To clarify, Keim asked Orakpo if he was referring to coverage assignments when the linebacker spoke about doing more than just rushing the passer.

"Just from the 3-4 outside 'backer we play, it's very different from what Terrell Suggs does in Baltimore in his 3-4 and what DeMarcus [Ware] would do in Dallas where they're going forward at all times," Orakpo said. "We do way more than what a lot of guys are doing in the league."

Redskins Defense Under Haslett
YearLeague Rank in Yards AllowedLeague Rank in Points Allowed
201031st21st (23.6 ppg)
201113th21st (22.9 ppg)
201228th22nd (24.2 ppg)
201328th (Currently)31st (30.7 ppg) (Currently)
Pro Football Reference

When your team is sitting at 3-8 with five weeks to go in a bitterly disappointing season, sometimes you can read a little too much into things, mistakenly working to make mountains out of mole hills. But in this case, Orakpo's comments justify what most of us have been screaming at the television for the past few years.

Although Orakpo is often talked about as a quality pass-rusher, his statistics since joining the Redskins as a first-round pick in 2009 haven't come close to proving him elite. His highest sack total to date was 11 as a rookie and he has generally streaky sack production over the course of his career—a majority of which has been played under the direction of Haslett.

For the sake of Orakpo's comparison between his duties and those of Baltimore Ravens pass rusher Terrell Suggs, Pro Football Focus documents Orakpo (and Kerrigan) rushing the opposing quarterback on close to 79 percent of the passing snaps they're on the field for, whereas Suggs is attacking the opposing quarterback on 91 percent of the passing snaps he plays. 

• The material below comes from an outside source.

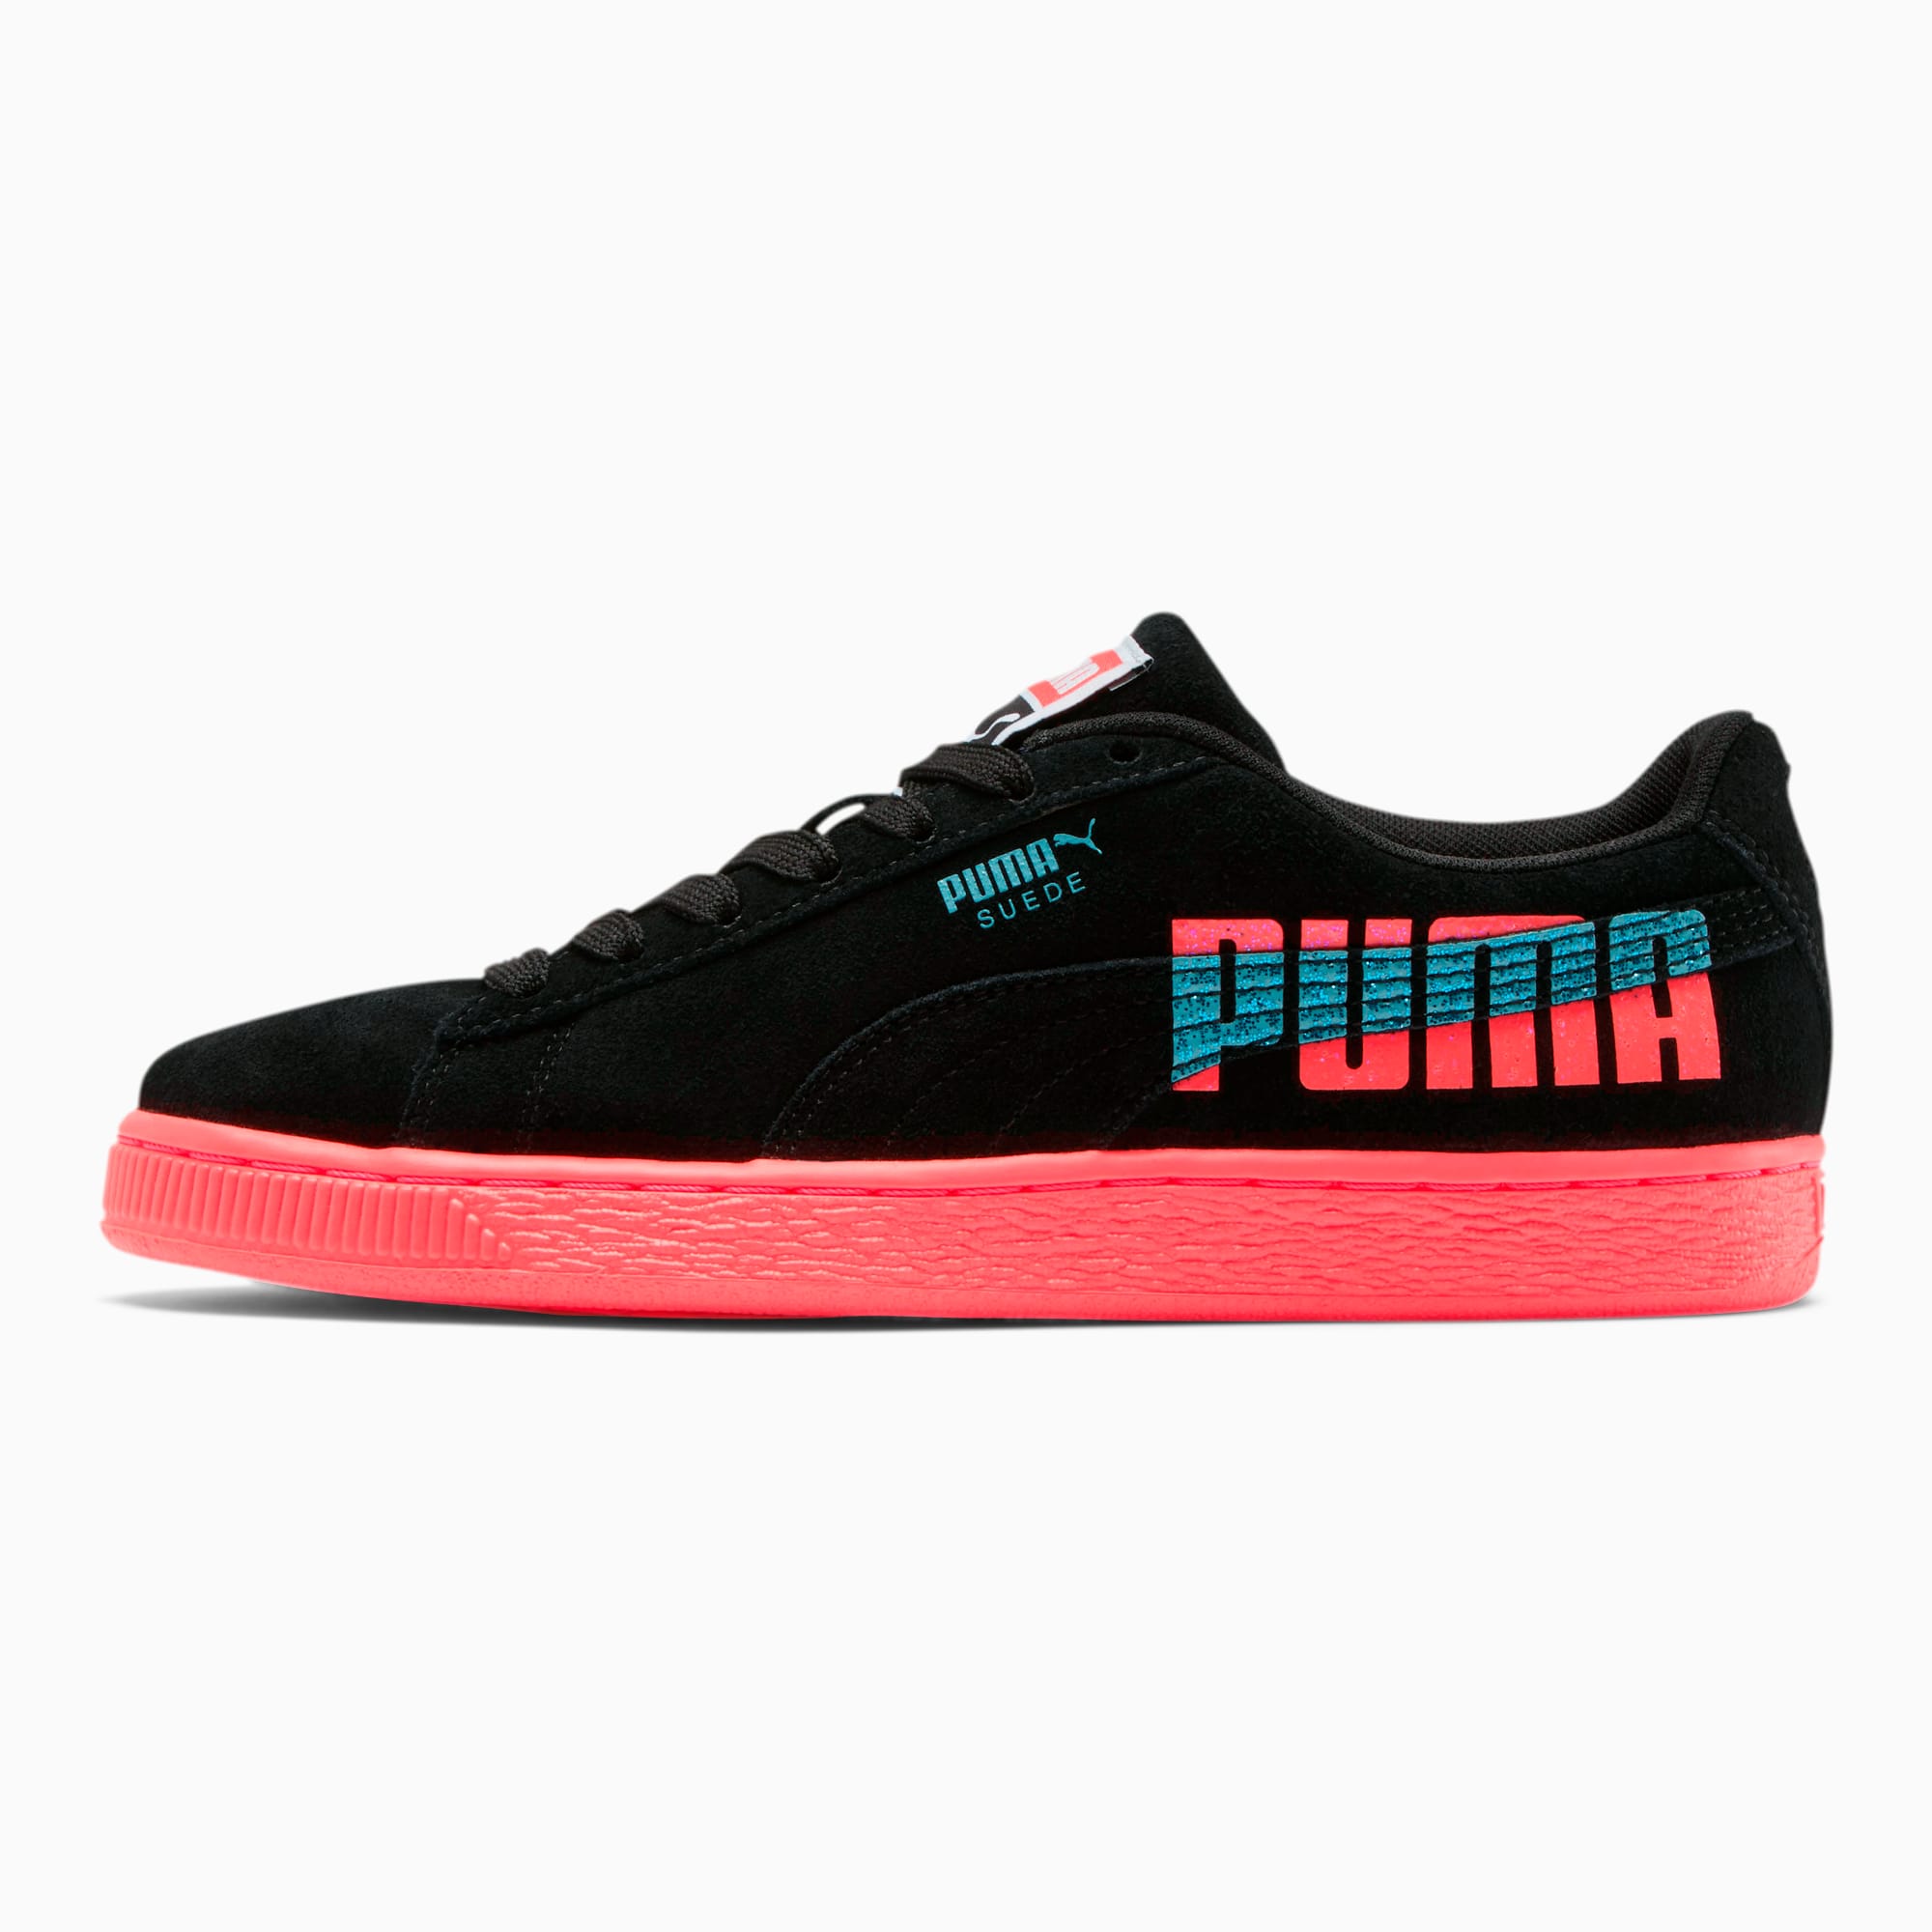 classic puma women's sneakers

Additionally, Orakpo and Kerrigan have spent nearly double the amount of snaps in pass coverage as Suggs. In fact, only eight other 3-4 outside linebackers in the NFL have dropped into coverage more than Orakpo and Kerrigan have this season. 

It's long been thought that perhaps Haslett isn't the right fit as coordinator for this 3-4 scheme.

Orakpo's comments only help to support that argument.